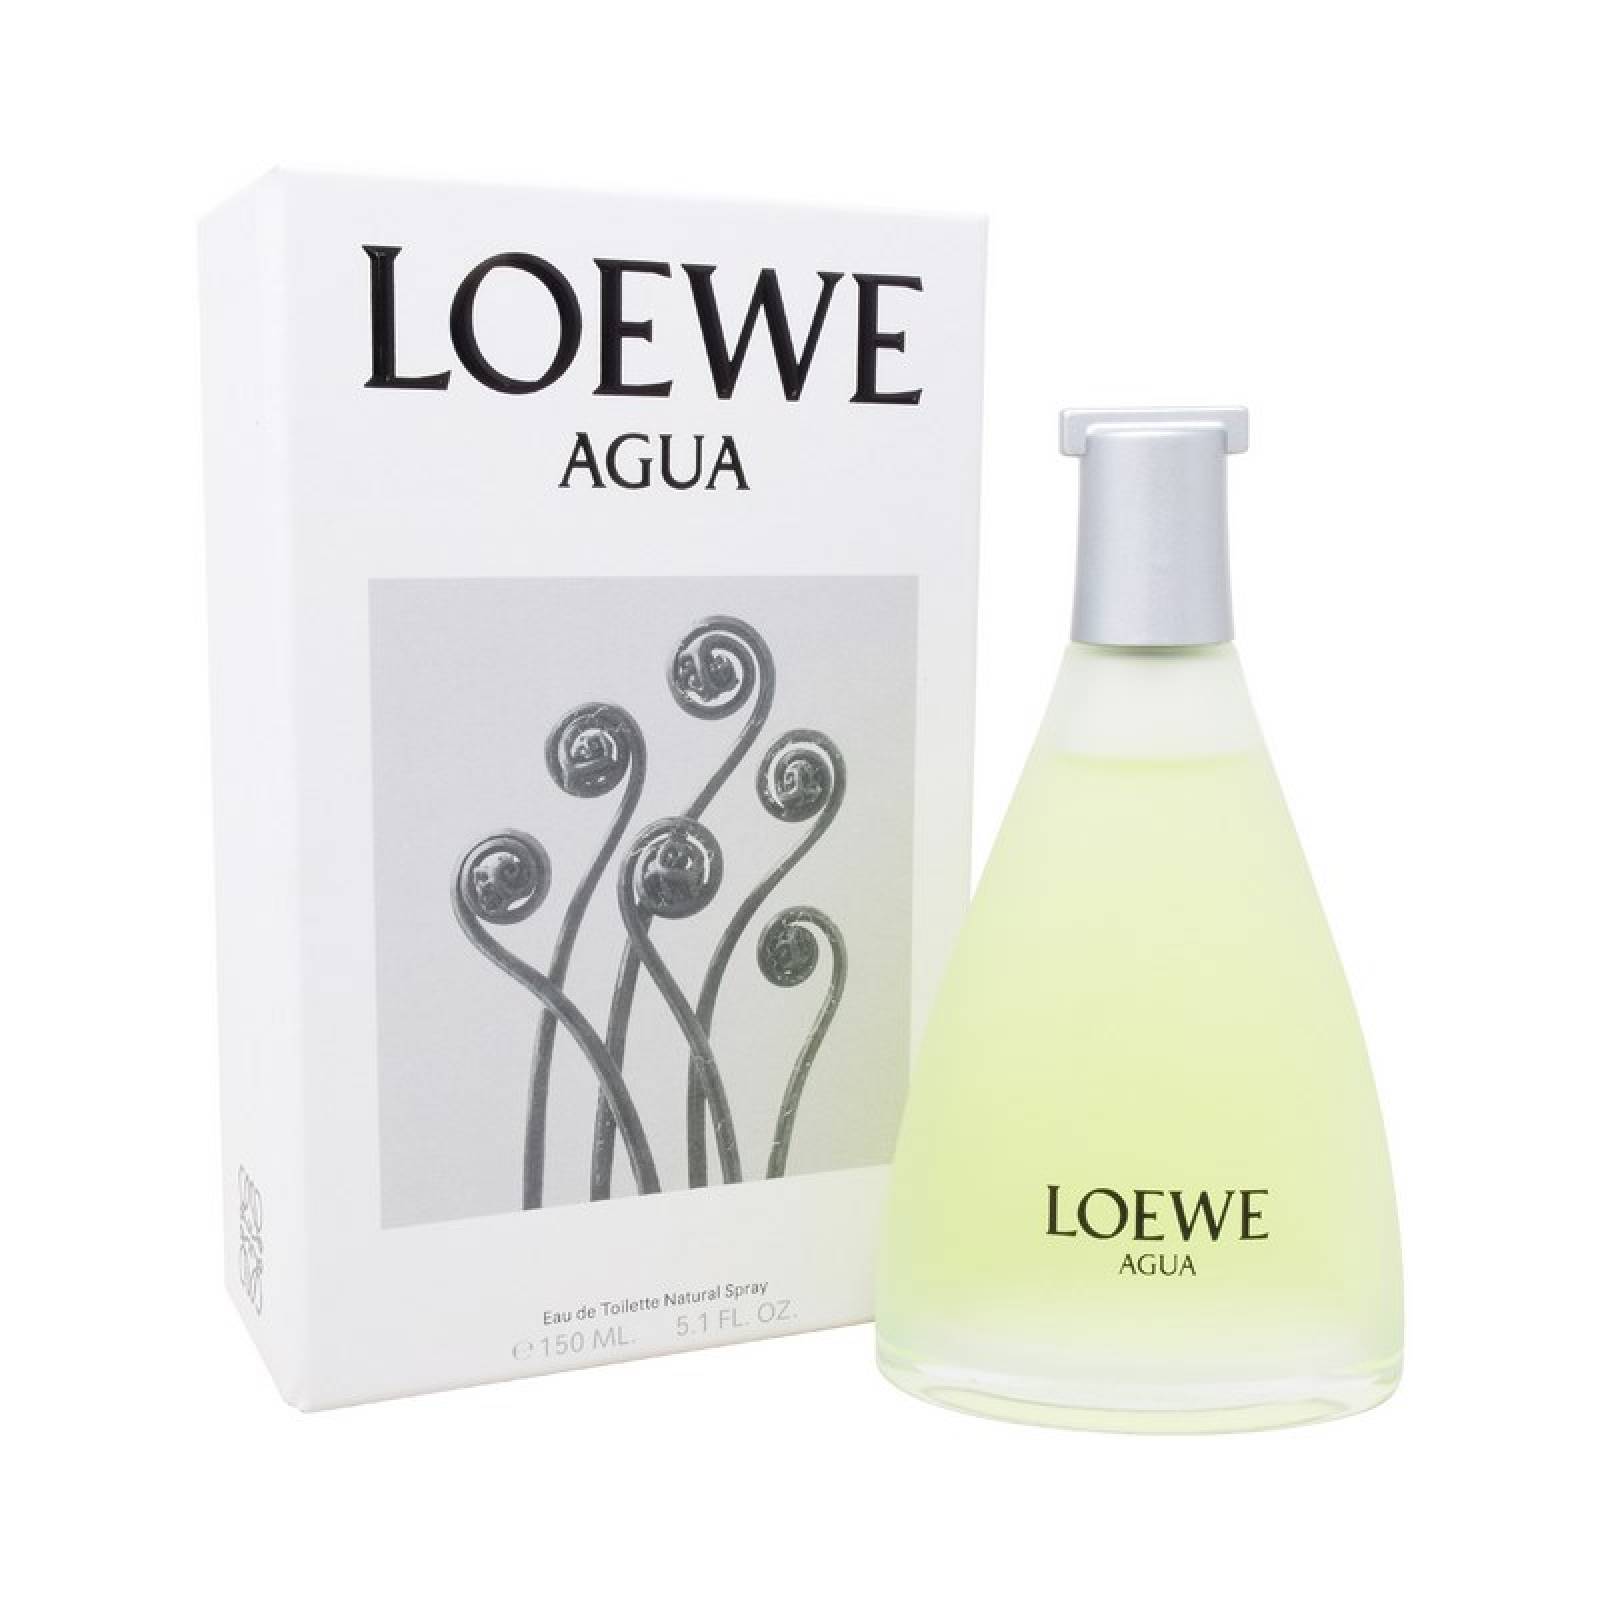 Agua De Loewe 150 ml Eau de Toilette de Loewe
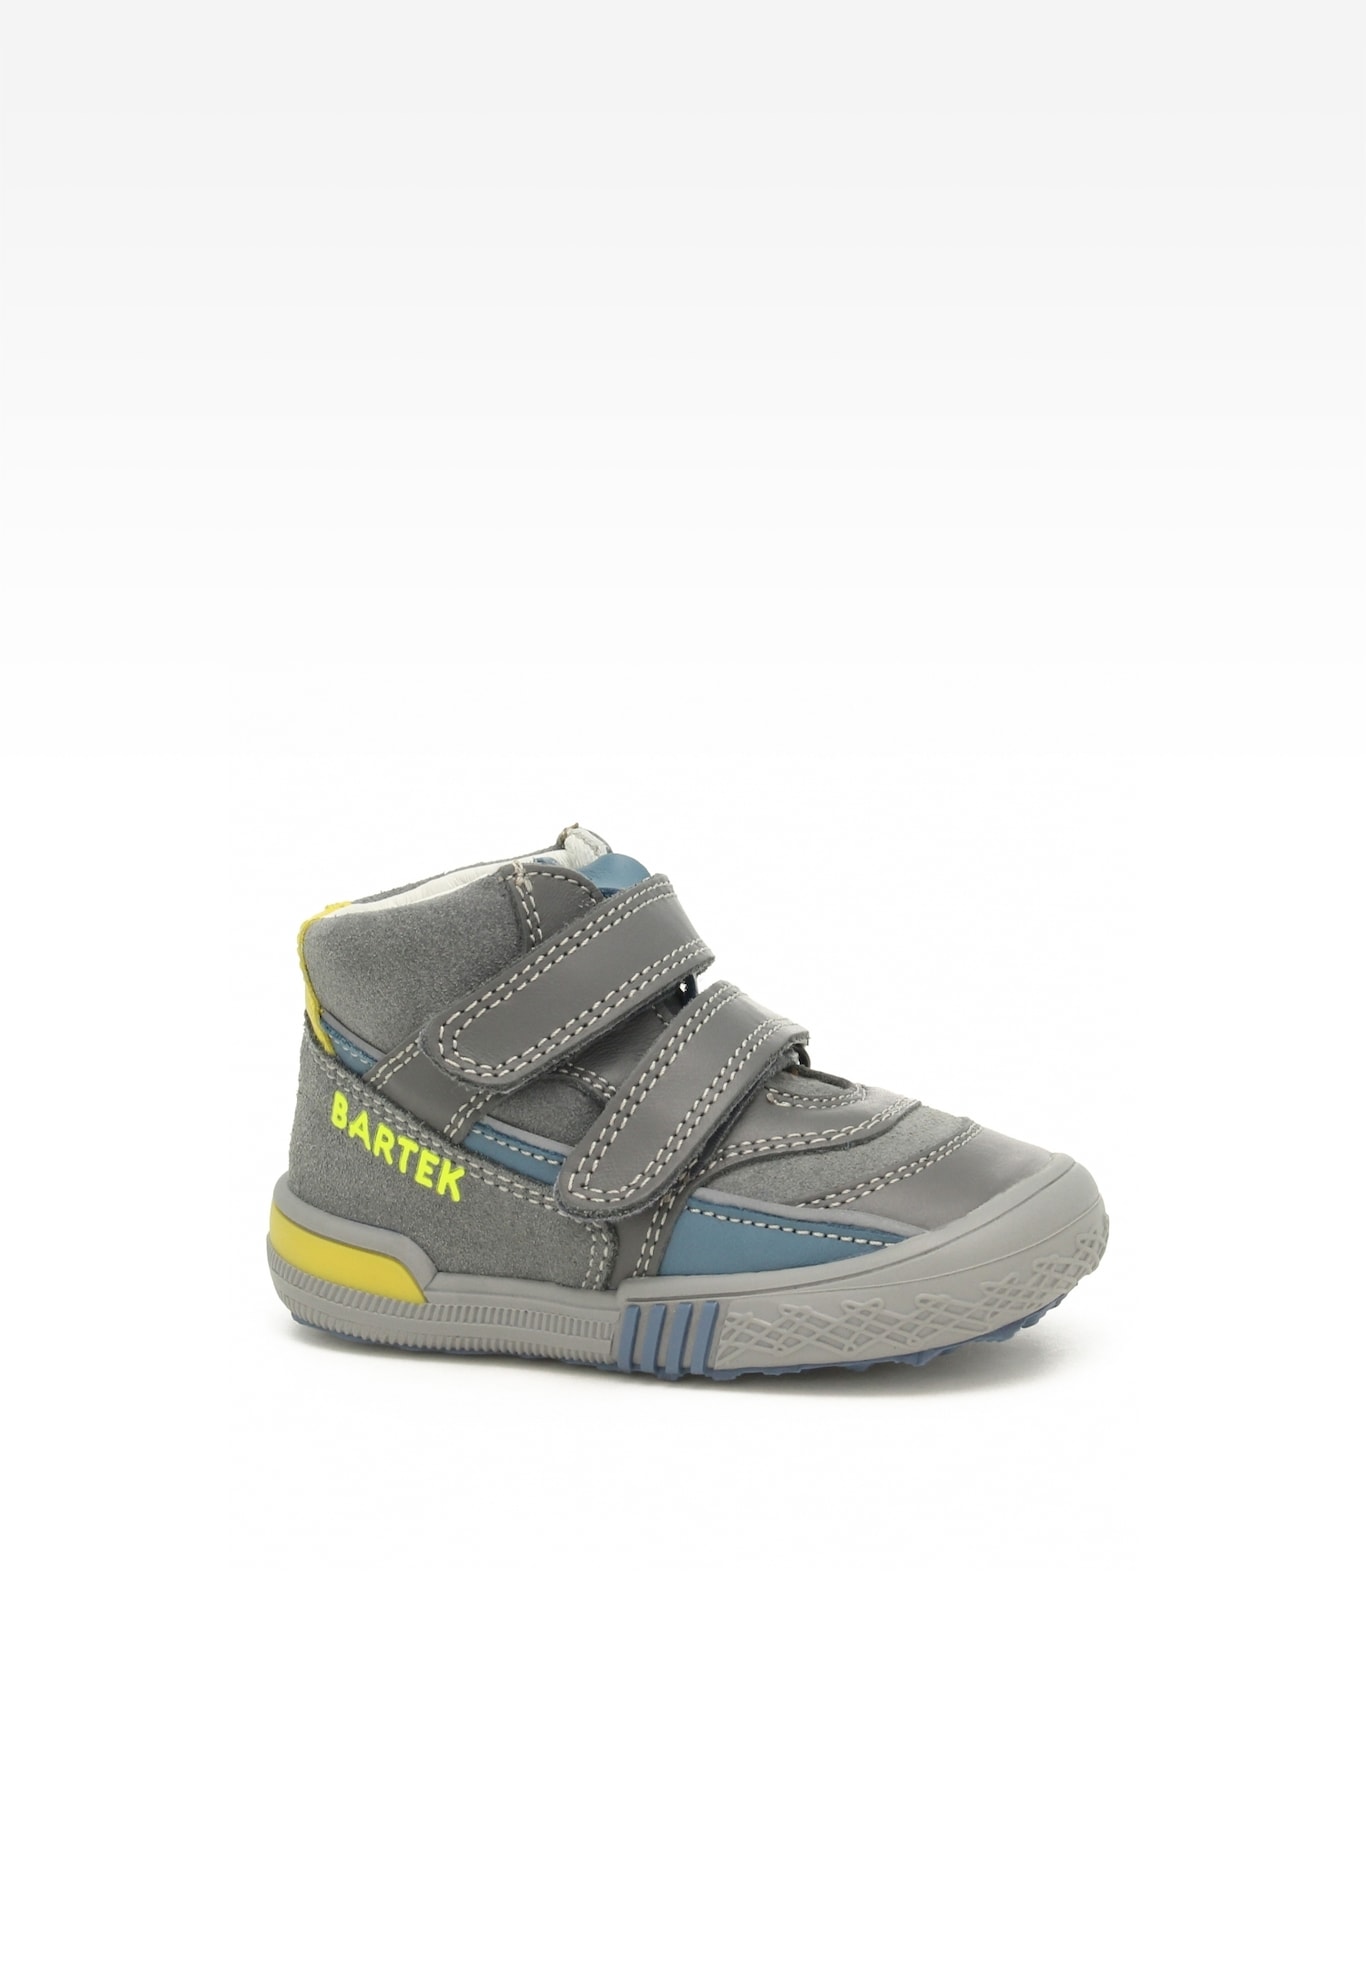 Sneakers BARTEK 91756-001, dla chłopców, szary
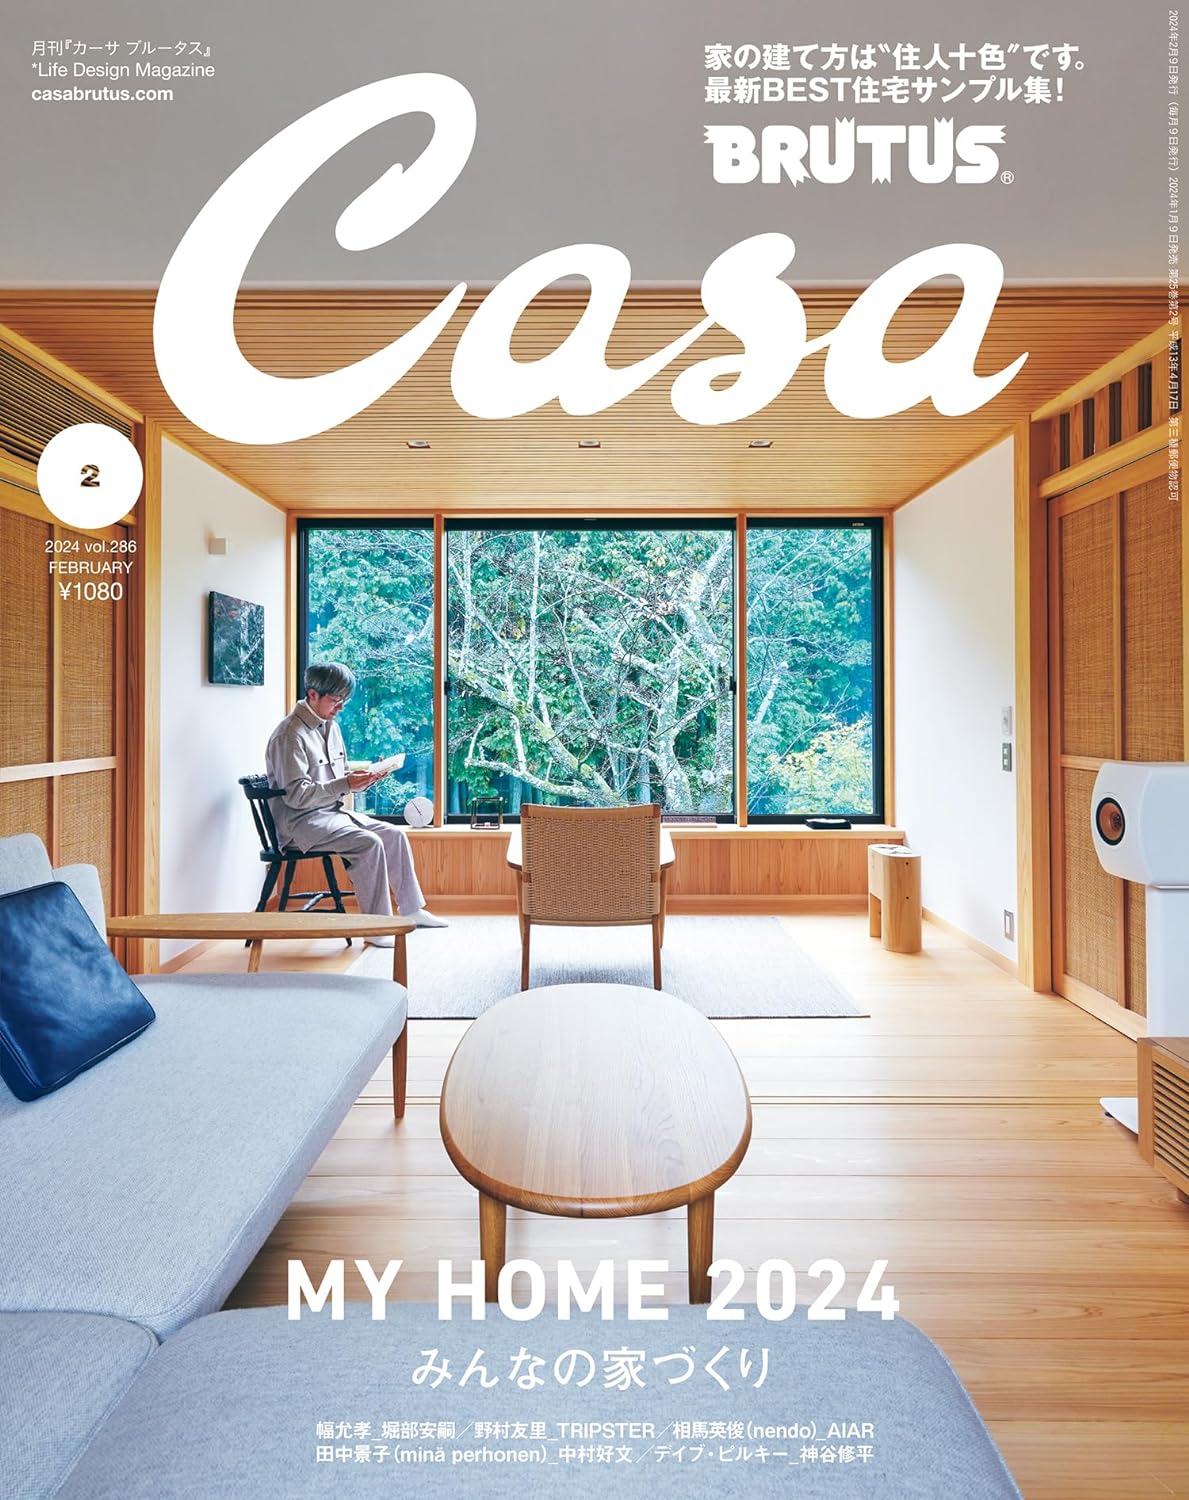 Casa BRUTUS(カ-サ ブル-タス) 2024年 02月號[みんなの家づくり]
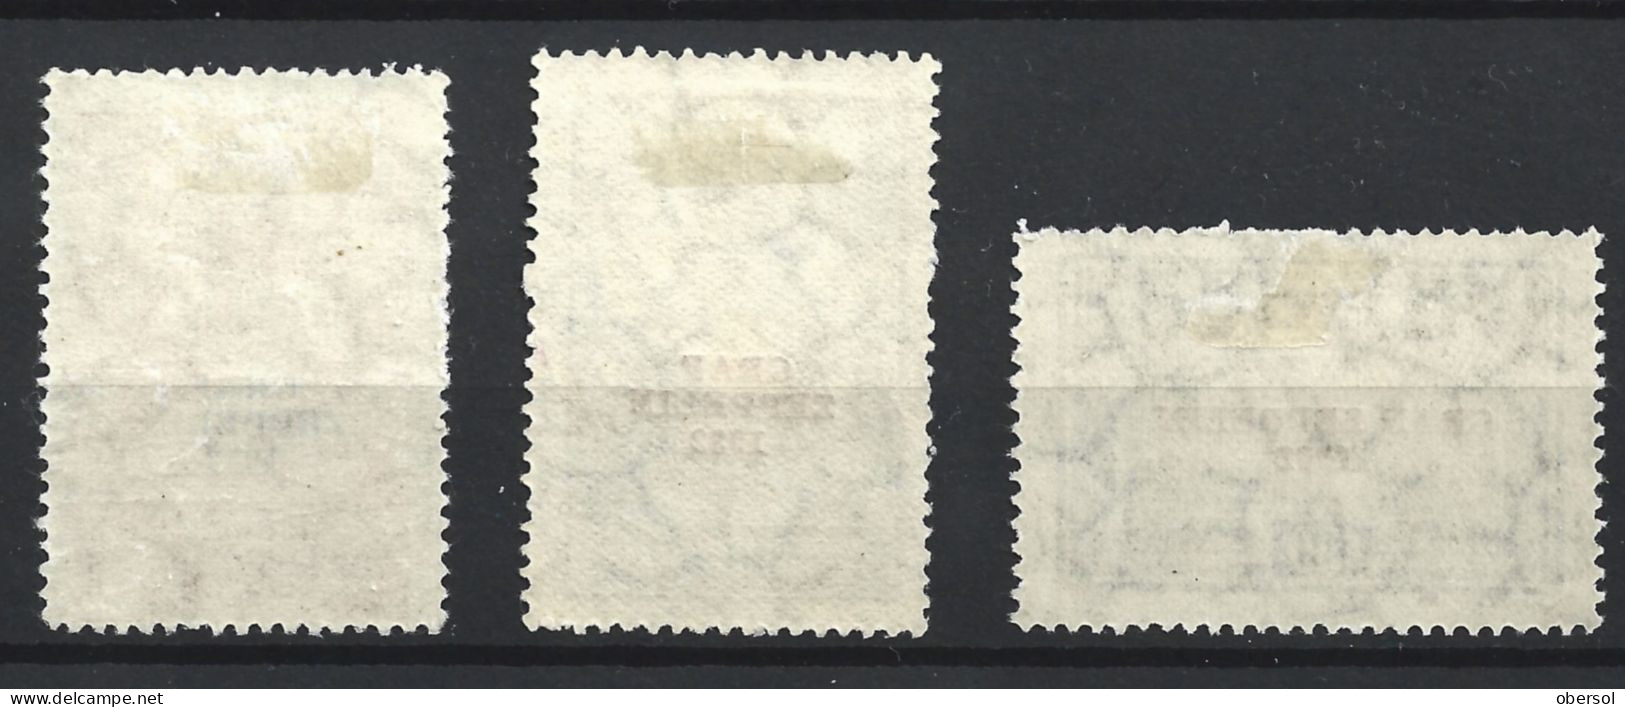 Argentina 1932 Graf Zeppelin Overprint Complete Set MH Stamps ** HCV ** - Neufs

TRY IT:
Starting with the line that contains "Sneakers BARTEK 91756-001, dla" and ending with the last line of the data above, transcribe exactly those lines and no others, without pictures.

YOUR SOLUTION:
 Sneakers BARTEK 91756-001, dla chłopców, szary
 Casa BRUTUS(カ-サ ブル-タス) 2024年 02月號[みんなの家づくり]
 Argentina 1932 Graf Zeppelin Overprint Complete Set MH Stamps ** HCV ** - Neufs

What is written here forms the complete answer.